DATASET SECTION:
---

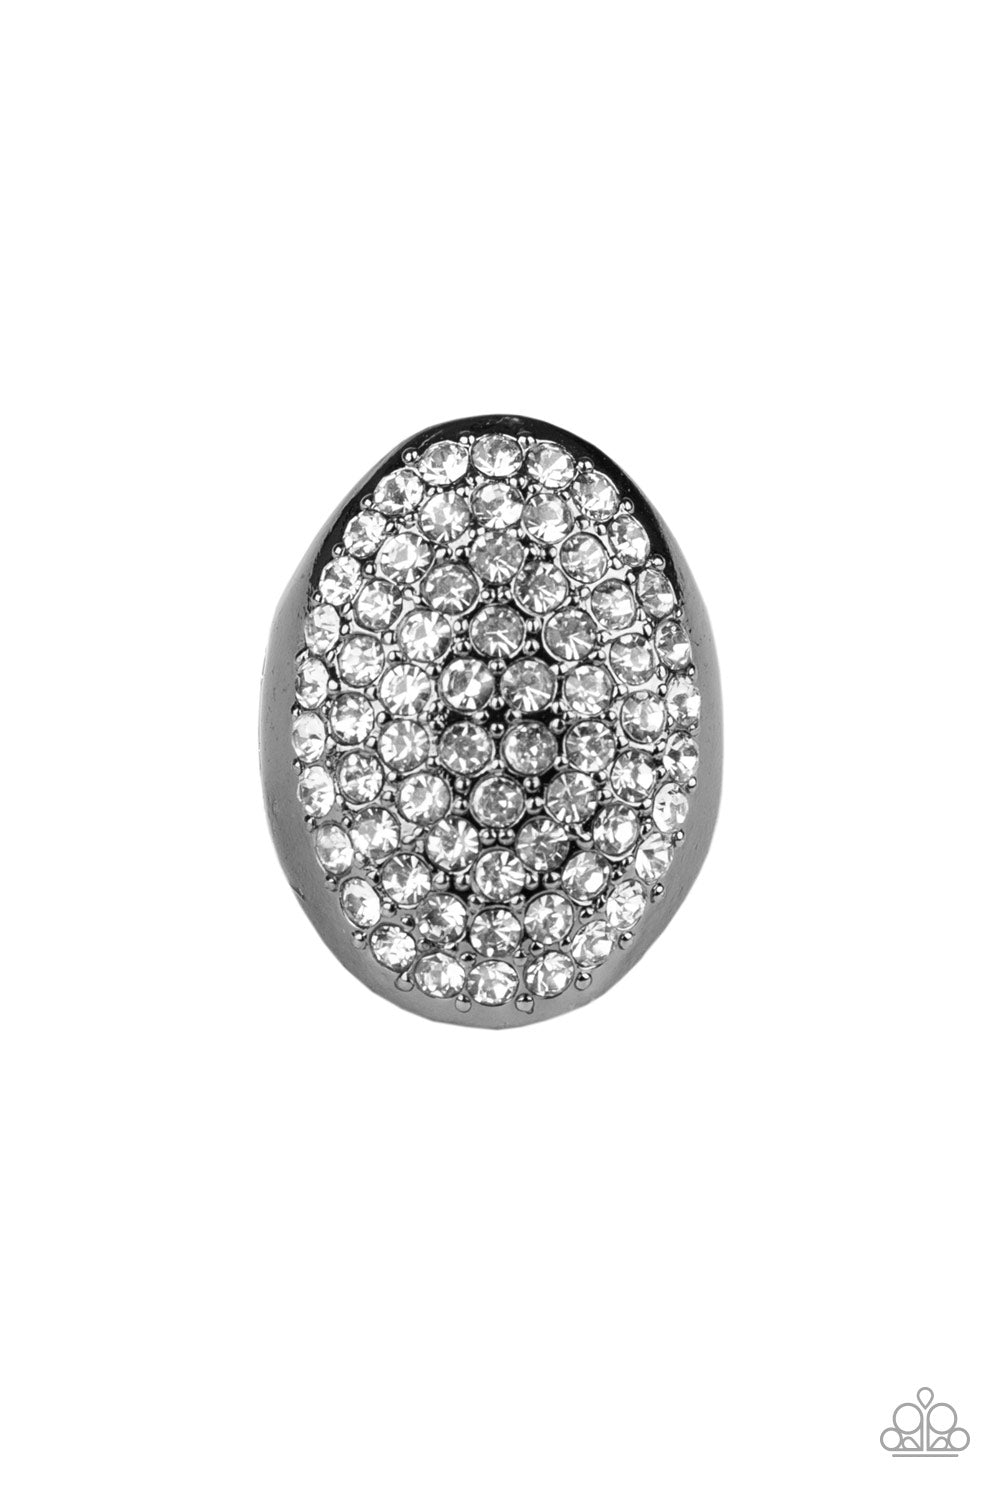 Paparazzi Bling Scene Black Ring - Life Of The Party Exclusive March 2020 - P4BA-BKXX-029XX
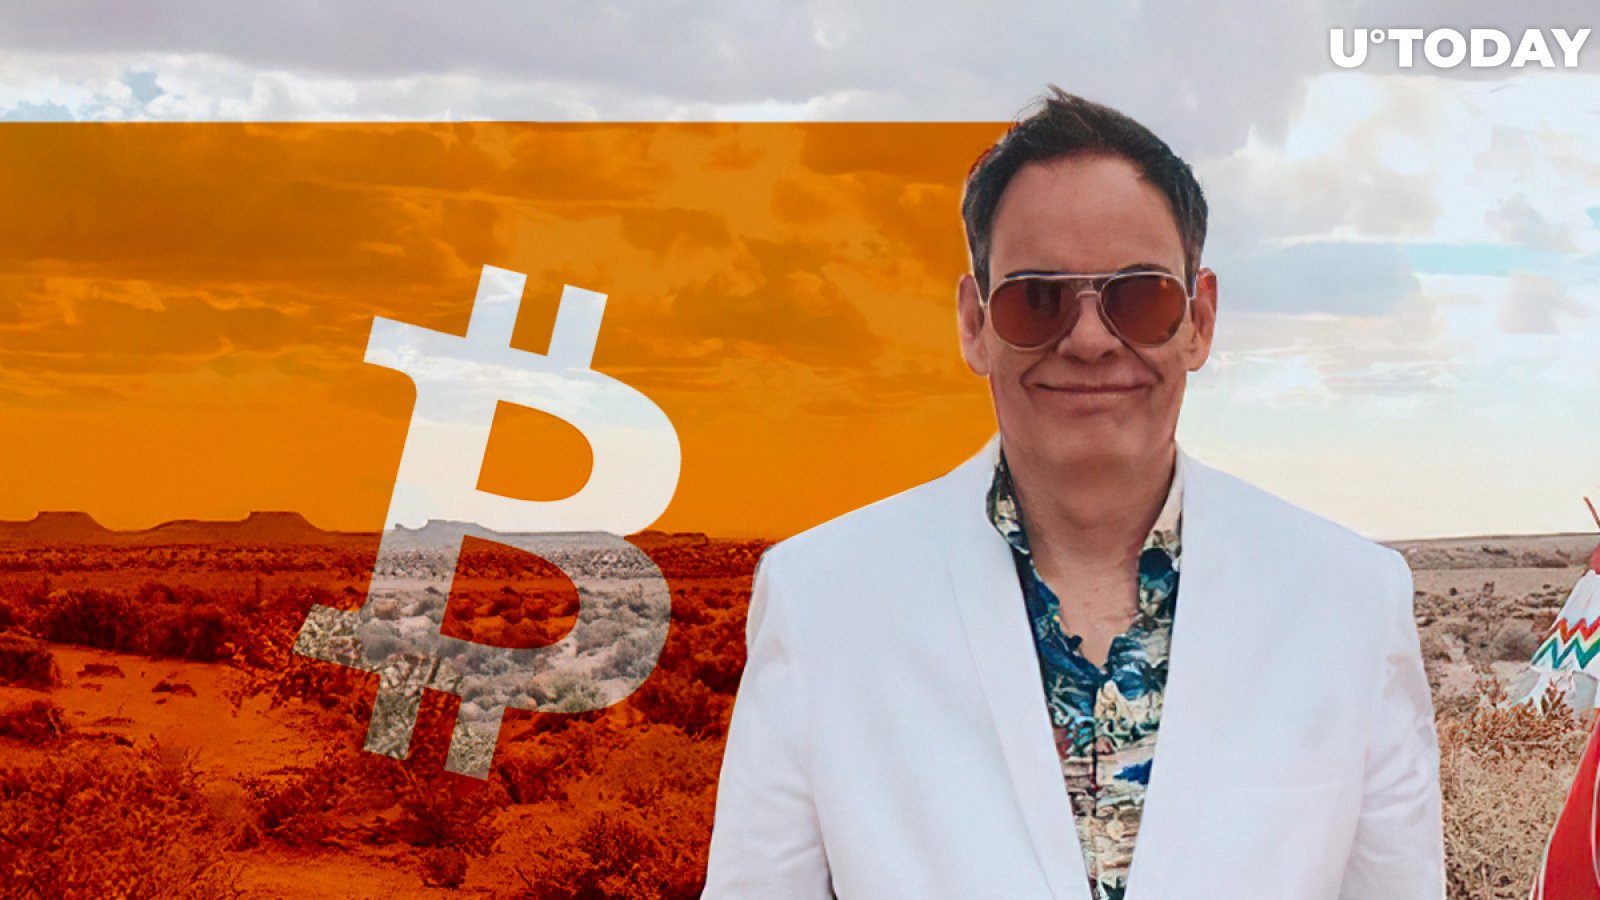 Bitcoin (BTC) Price 'Stock-to-Flow' Model Called 'Valid and Vital Analysis' by Max Keiser
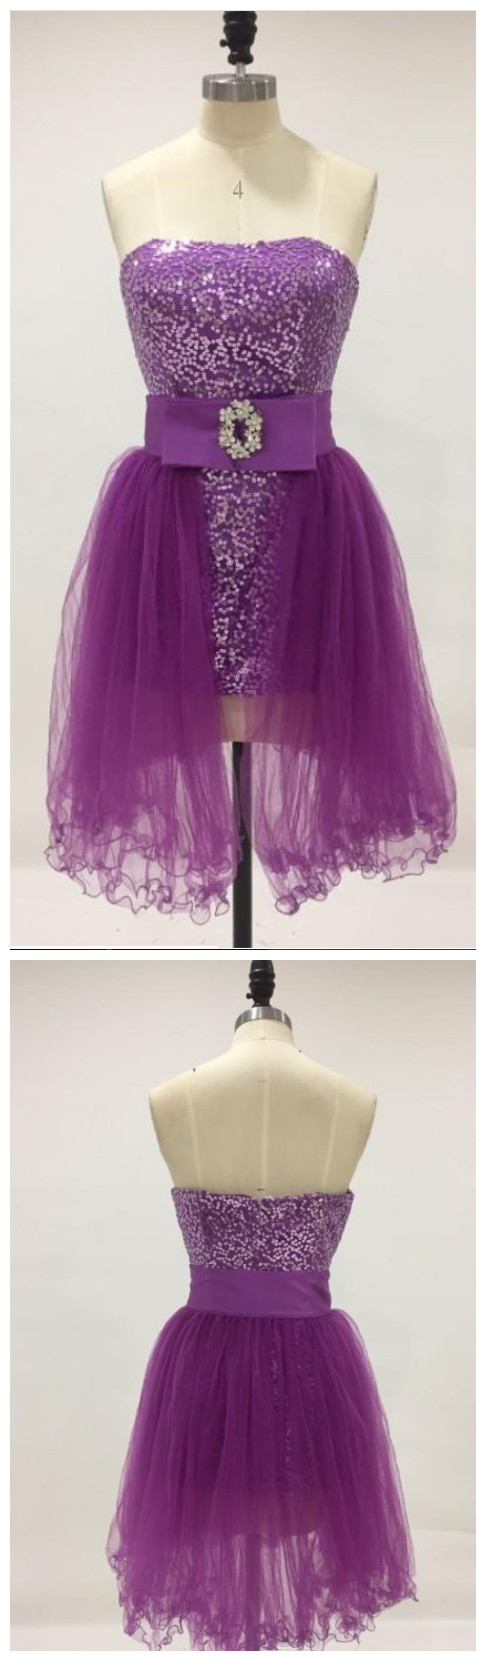 Classic Short Homecoming Dresses ,purple Sheath Column ,short Mini Sequins Party Dress With Removable Tulle Skirt Crystals,lace Appliques Prom

---

WORK REQUEST: Please write out all of the data verbatim, with no pictures in the copy.

TASK RESPONSE:
 Paparazzi Bling Scene Black Ring - Life Of The Party Exclusive March 2020 - P4BA-BKXX-029XX
 Bitcoin (BTC) Price 'Stock-to-Flow' Model Called 'Valid and Vital Analysis' by Max Keiser
 Classic Short Homecoming Dresses ,purple Sheath Column ,short Mini Sequins Party Dress With Removable Tulle Skirt Crystals,lace Appliques Prom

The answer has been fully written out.